Blue Origin carries the first Egyptian and Portuguese space planes on suborbital trips

Blue Origin's New Shepard rocket lift off from the launch pad in Texas.  (Blue Origin via YouTube)

Blue Origin’s New Shepard rocket lift off from the launch pad in Texas. (Blue Origin via YouTube)

Jeff Bezos’ Blue Origin space venture sent six more crew members on a suborbital space flight, including the first Egyptian and Portuguese citizens to reach the final frontier.

Thanks to today’s flight from Launch Site One in West Texas, Blue Origin’s roster of astronauts has grown to 31 in just over a year. Bezos himself went on the first manned flight in July 2021, and Florida investor Evan Dick bought two tickets to space.

The lineup for NS-22—the 22nd mission for the New Shepard suborbital launch system, and the sixth crew—set a couple of precedents.

Portugal’s first astronaut is Mario Ferreira, an entrepreneur, investor and president of Porto-based Pluris Investments. The first from Egypt is Sara Sabry, a mechanical and biomedical engineer who founded a non-profit organization called the Deep Space Initiative. Sabry was the second Blue Origin crew member sponsored by Space for Humanity, a non-profit organization that supports citizen astronauts.

Rounding out the “Titanium Feather” crew were Coby Cotton, co-founder of the Dude Perfect sports/entertainment channel; Vanessa O’Brien, a British-American explorer and former bank executive; Clint Kelly III, who helped pioneer driverless car technologies; and Steve Young, former CEO of Young’s Communications LLC.

Cotton’s seat was sponsored by MoonDAO, a cryptocentric collective that aims to decentralize access to space. Although Blue Origin does not disclose how much its spaceflight planes pay for their flights, crypto experts estimated that MoonDAO devoted about 1.25 million dollars to Cotton’s plane.

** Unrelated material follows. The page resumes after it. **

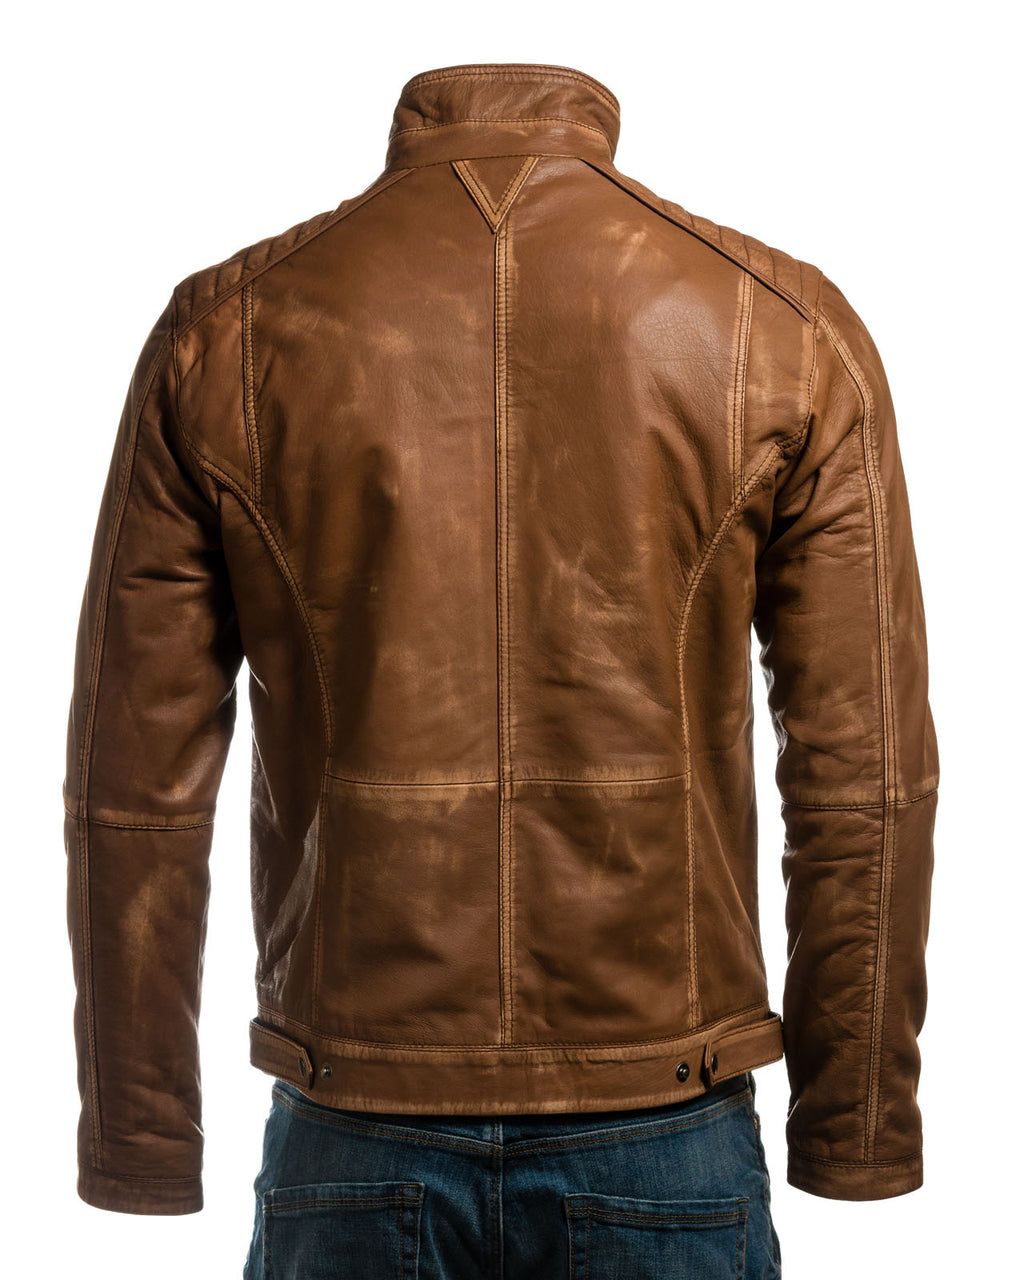 Men's Plus Size Antique Tan Vintage Biker Style Leather Jacket - Dominico
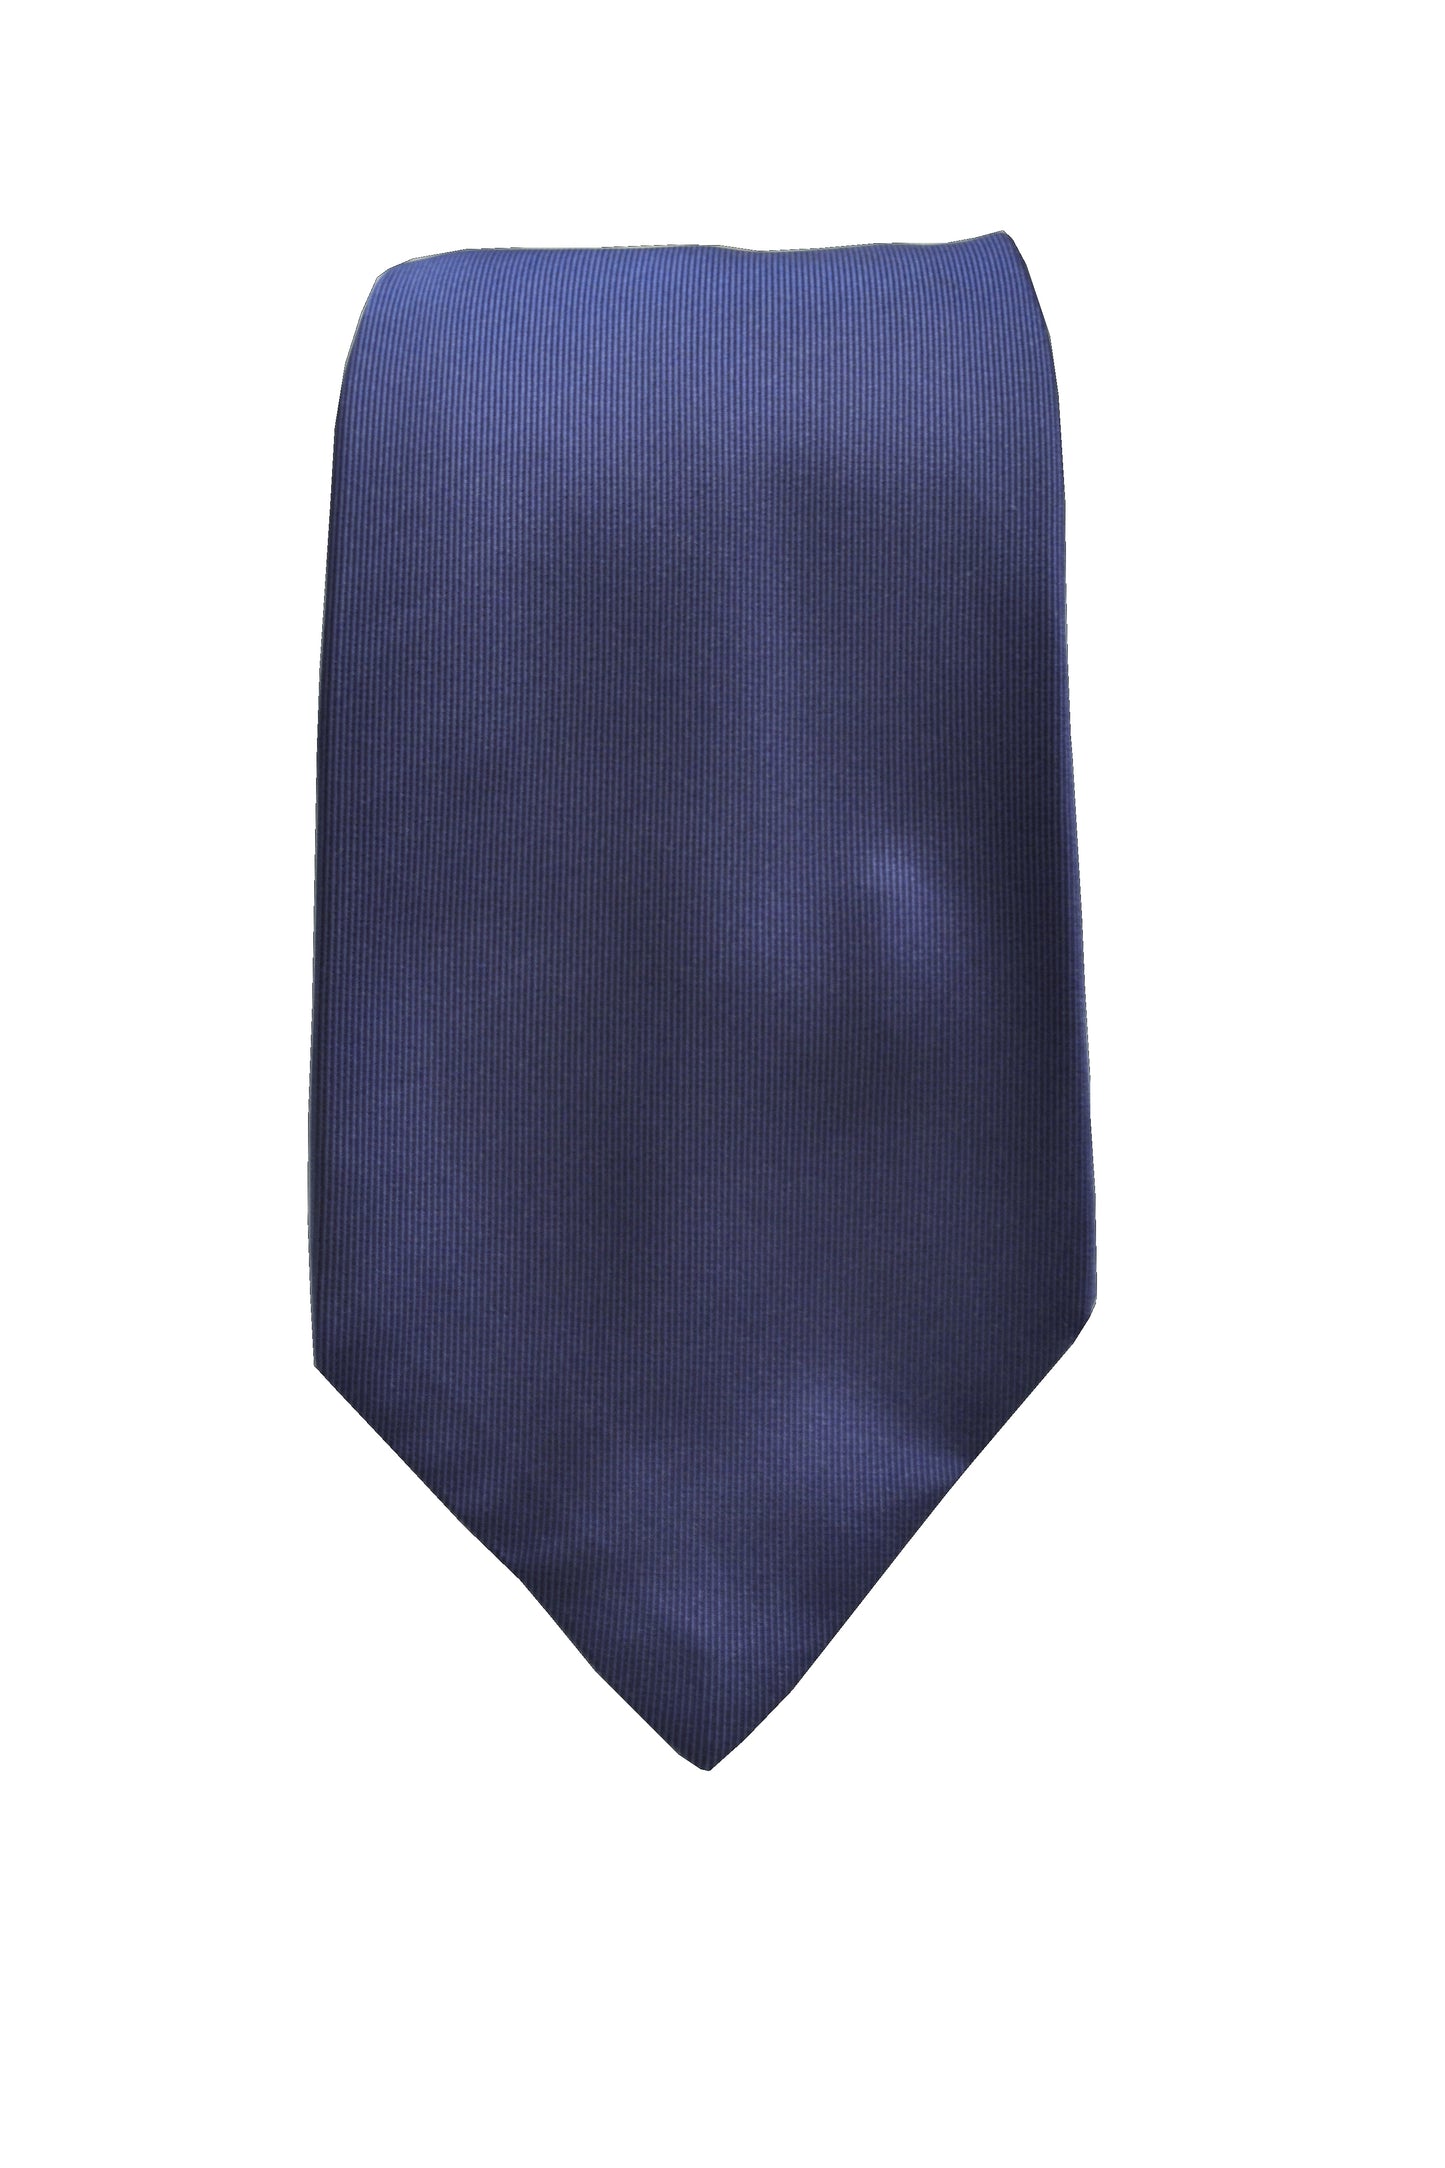 Cravatta 3 pieghe Blu Brillante Raso di Seta con portafortuna ricamata nascosta

Today’s flight followed the routine established by the previous five crewed missions: Blue Origin’s New Shepard rocket blasted off at 8:56 a.m. CT (6:56 a.m. PT), sending the crew capsule beyond the 100-kilometer-long Karman. Line marking the internationally accepted boundary of outer space. The maximum elevation was 351,232 feet (66.5 miles, or 107 kilometers) above mean sea level.

During the highest phase of the orbit, the six astronauts unhooked from their seats for a few minutes to float in zero-G and look out at the curved Earth through the capsule’s picture windows. Crew members could be heard over a comm link cheering the experience.

New Shepard's booster makes an autonomous landing.  (Blue Origin via YouTube)

New Shepard’s booster makes an autonomous landing. (Blue Origin via YouTube)

New Shepard’s reusable booster made an autonomous landing on a pad near the launch site. Meanwhile, the crew capsule floated down separately to the Texas Rangeland on the end of the parachutes. “We’re not going to die!” Cotton said half jokingly as the parachutes opened.

The flight took 10 minutes and 20 seconds from launch to landing.

Blue Origin’s NS-22 mission was part of a one-day launch trifecta that also included Rocket Lab’s launch of a classified National Reconnaissance Office satellite mission and United Launch Alliance’s launch of a Space Force missile warning satellite. SpaceX could turn the trifecta into a quadfecta later today with the planned launch of a South Korean lunar probe.